God TV: Televangelism 2.0

May 11 was your day for a miracle.

Didn’t get the memo? You haven’t been watching God TV.

The appointed day was Pentecost Sunday, and the place was Jerusalem, where God TV, a Christian network first launched in England in 1997, moved its headquarters in 2002. Broadcasting from Jerusalem, say Rory and Wendy Alec, God TV’s founders, is a fulfillment of a prophecy, just like the founding of the Israeli state. The May 11 appointment with God brought a supernatural realization of His promises to you. Just send in your petition to Rory and Wendy, and they will place it at the altar in Jerusalem. And then let the miracles begin.
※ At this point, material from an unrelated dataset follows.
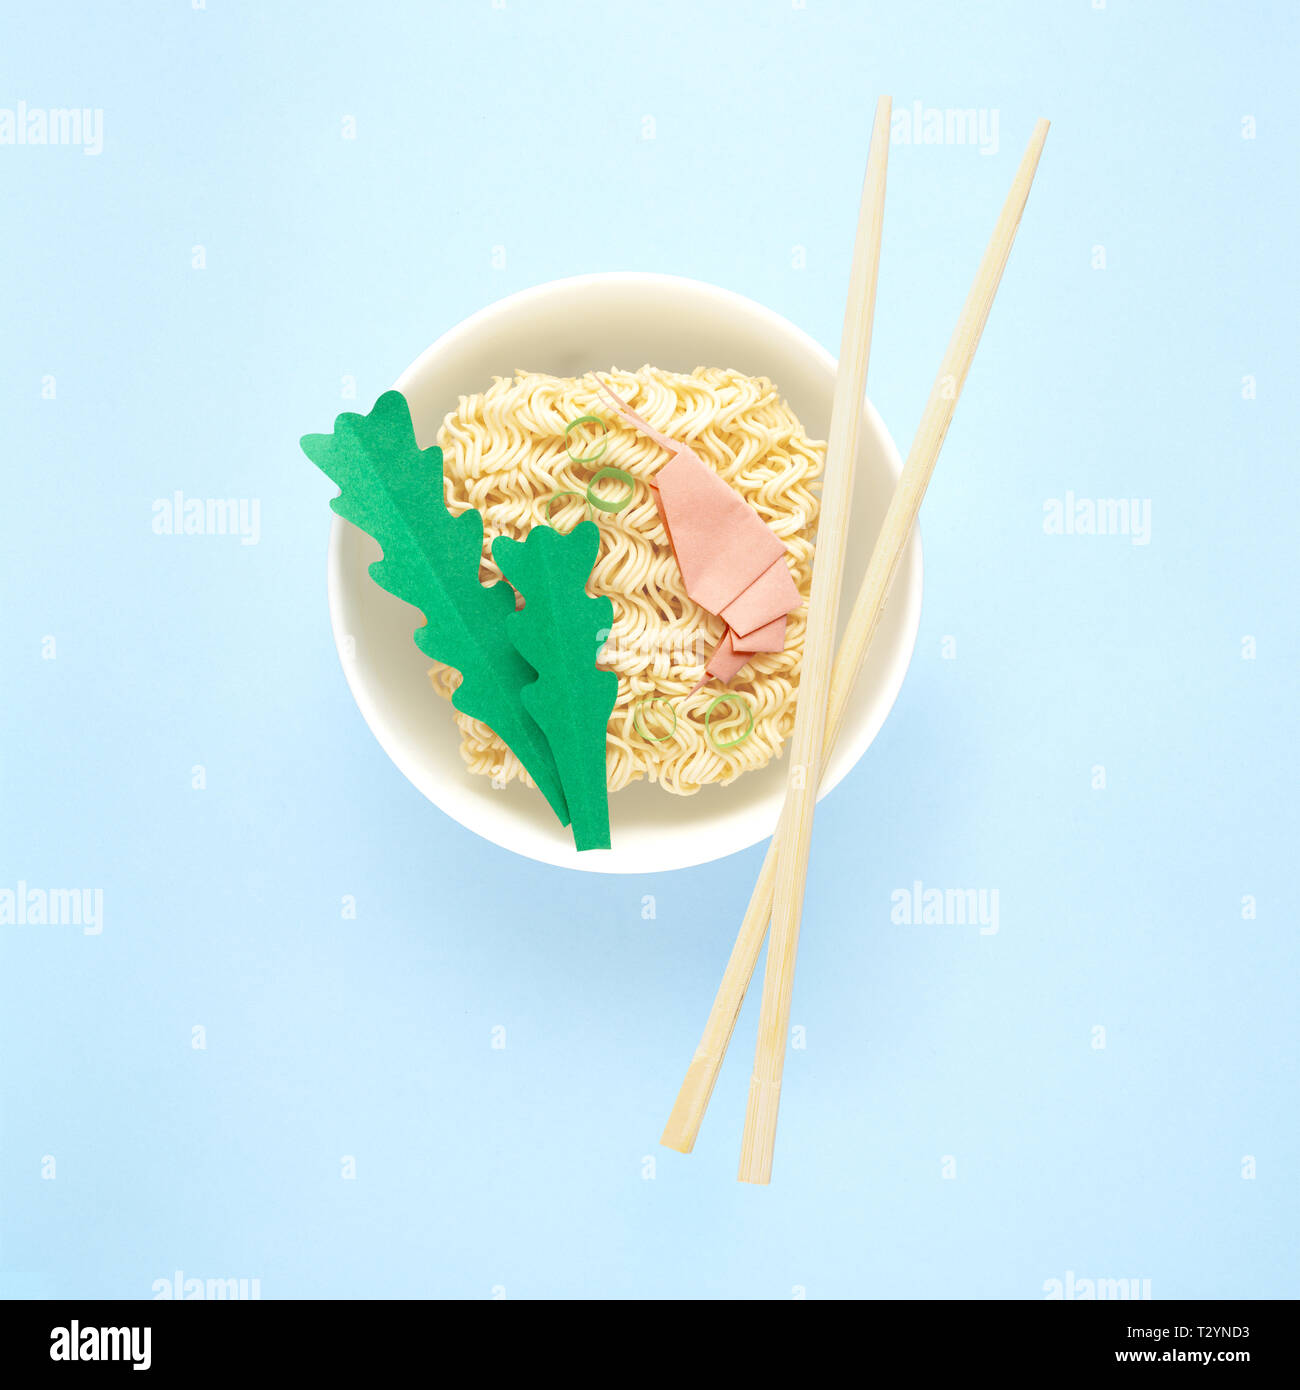 Kreative Ernährung Gesunde Ernährung Konzept Foto von lecker Ramen Nudeln Nudeln mit Garnelen grünen Stäbchen und Schüssel auf blauem Hintergrund. Stockfoto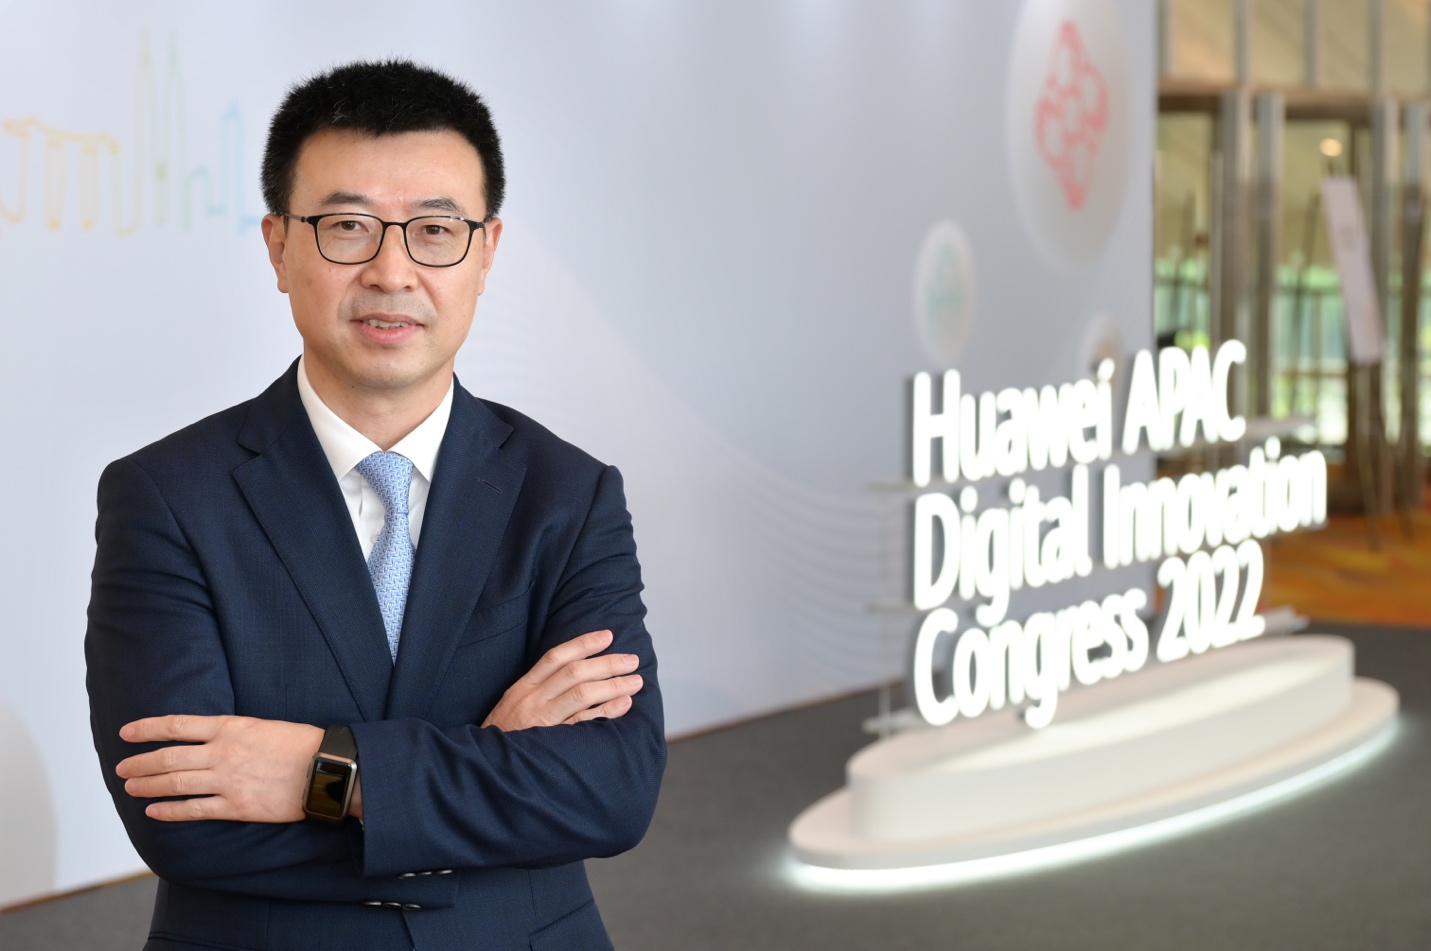 Huawei trao quyền cho Châu Á Thái Bình Dương để đi trước trong nền kinh tế số

If this seems strangely, elusively, and creepily enticing, welcome to the world of an apostolic movement sweeping the globe with its claims of prophecy direct from God, supernatural revivals and healings, and a quest to mold young people for God’s kingdom by enforced sexual purity, 24/7 prayer, repentance, and fasting. God TV, which acts both as a player in the movement and its gigantic PR machine, beams its programming (which often includes live prayer and revival events from the apostolic movement) across Europe, Asia, and Africa. And although God TV can only be seen in the United States on the satellite provider DirecTV or the Internet, the network is notable here not because of the audience it reaches, but because of the growing movement it depicts.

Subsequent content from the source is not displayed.